As the American negotiating team arrived in Iran to work for the release of the embassy hostages, the student captors broke into the U.S. embassy files, finding enough evidence to confirm "in their minds that the embassy was a nest of spies."
William G. Miller, the leader of the 1979 negotiating mission and an Institute of Politics fellow this spring, recalls the difficulty of conducting diplomacy in a situation where "there was so much chaos." A provisional government had collapsed while the negotiating team was flying to Iran, and upon arrival, the diplomats were told that no Americans would be welcome in the country.
The negotiators were forced to carry out their mission from Istanbul, Turkey. And after countless meetings with United Nations officials, representatives of Iranian factions, and Middle Eastern diplomats with Iranian contacts, Miller secured the release of twelve embassy hostages.
Miller's stint at shuttle diplomacy had its roots in 1959 when he joined the foreign service. But he had not always been set on a career in the State Department's pin-striped ranks.
Thirty years ago Miller was a Winthrop House tutor and a teaching fellow in History and Literature. He had studied at Oxford University under C.S. Lewis and J.R.R. Tolkien and was prepared for a life in academia. But, Miller says, he found that "things of the mind have an attachment to the real world," and he discovered a desire to help shape policy.
Miller says that his first foreign service assignment in Iran in the early 1960s taught him the impact U.S. decisions can have. American policy in Iran was a product of "confused purposes," he says. While the U.S. helped to improve health and education, it "destroyed the democratic vision," Miller says, adding that Washington did not take advantage of a "number of opportunities" to encouage the Shah to open the political process.
On his return to Washington, Miller was appointed a junior assistant to then-Secretary of State Dean Rusk with responsibility for Vietnam. As in Iran, Miller says he found a "confusion of purposes in U.S. policy." "The simplifications that were being used [to explain the policy] were less than the complicated truth," Miller says.
Due to his increasing difficulties with U.S. policy in Vietnam, Miller left the State Department after three years in Washington. "I didn't want to be part of the policy," he says.
Miller left the executive branch for Congress where he served as special assistant to former Sen. John Cooper, working on efforts to halt the production of anti-ballistic missiles, the SALT I negotiations, and other foreign policy questions.

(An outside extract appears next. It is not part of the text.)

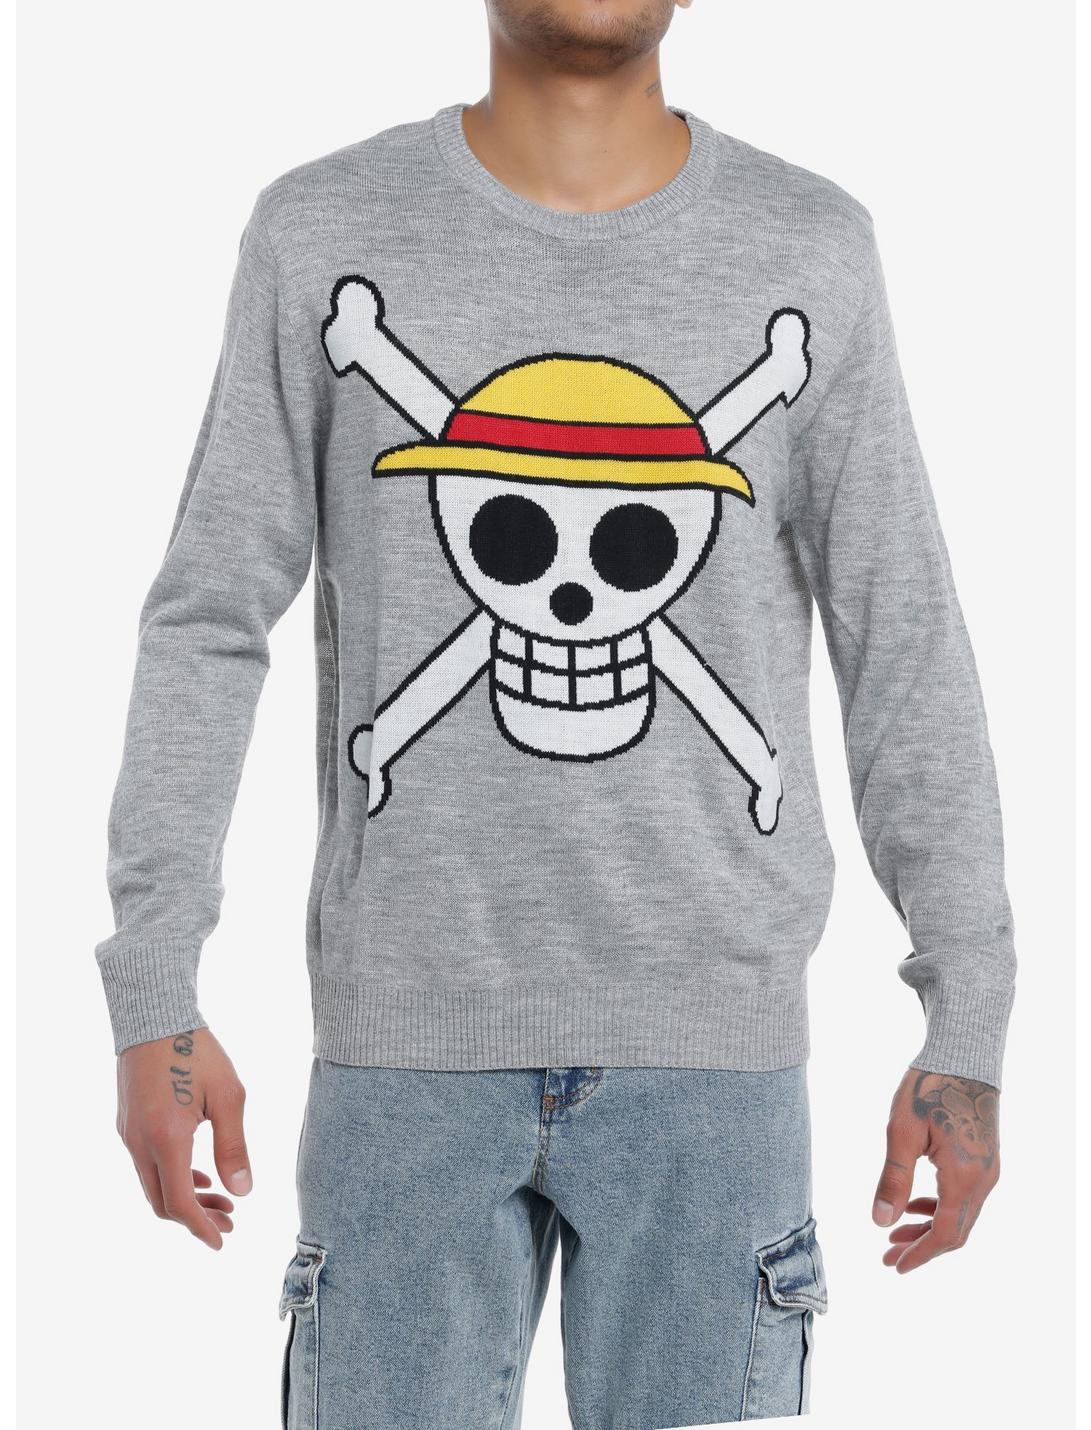 One Piece Straw Hats Jolly Roger Intarsia Knit Sweater, GREY, hi-res

Miller describes himself as a strong advocate of Congressional participation in foreign policy decision-making. "Nowhere in the Constitution does it say that foreign affairs and defense are the sole perogative of the President," Miller says.
In the post-war period, policy making was left to the President, and Congress was involved only as an "afterthought," Miller says. This system went "unquestioned when it appeared things were successful" but was reexamined in light of the Vietnam experience, he says.
Miller was a part of this examination as a staff member of the bipartisan Emergency Powers Committee from 1972 to 1974. The committee found that over 2000 statutes unconstitutionally delegated powers to the President.
"The top leaders in Congress have far more experience than any president" in foreign policy, and Congressional participation is necessary for democratically decided policy, Miller says.
But the Executive branch's monopoly on secret information gives it a great edge, says Miller. As staff director of the Senate Select Committee on Intelligence chaired by former Sen. Frank Church, Miller was involved in Congress' post-Vietnam, post-Watergate investigation of the role of secrecy in a democracy.
The committee's investigations revealed that the FBI and CIA were hiring "racketeers and gangsters to carry out covert activities" and found that the FBI had assigned agents to civil rights leader Martin L. King Jr., Miller says.
The investigations resulted in guidelines for covert activities, the establishment of Congressional oversight of the CIA and Congressional access to secret information.
Miller says that Congressional access to secret information was an important step toward full participation in policy making. "Though there is a risk of disclosure this is a risk worth taking," he adds.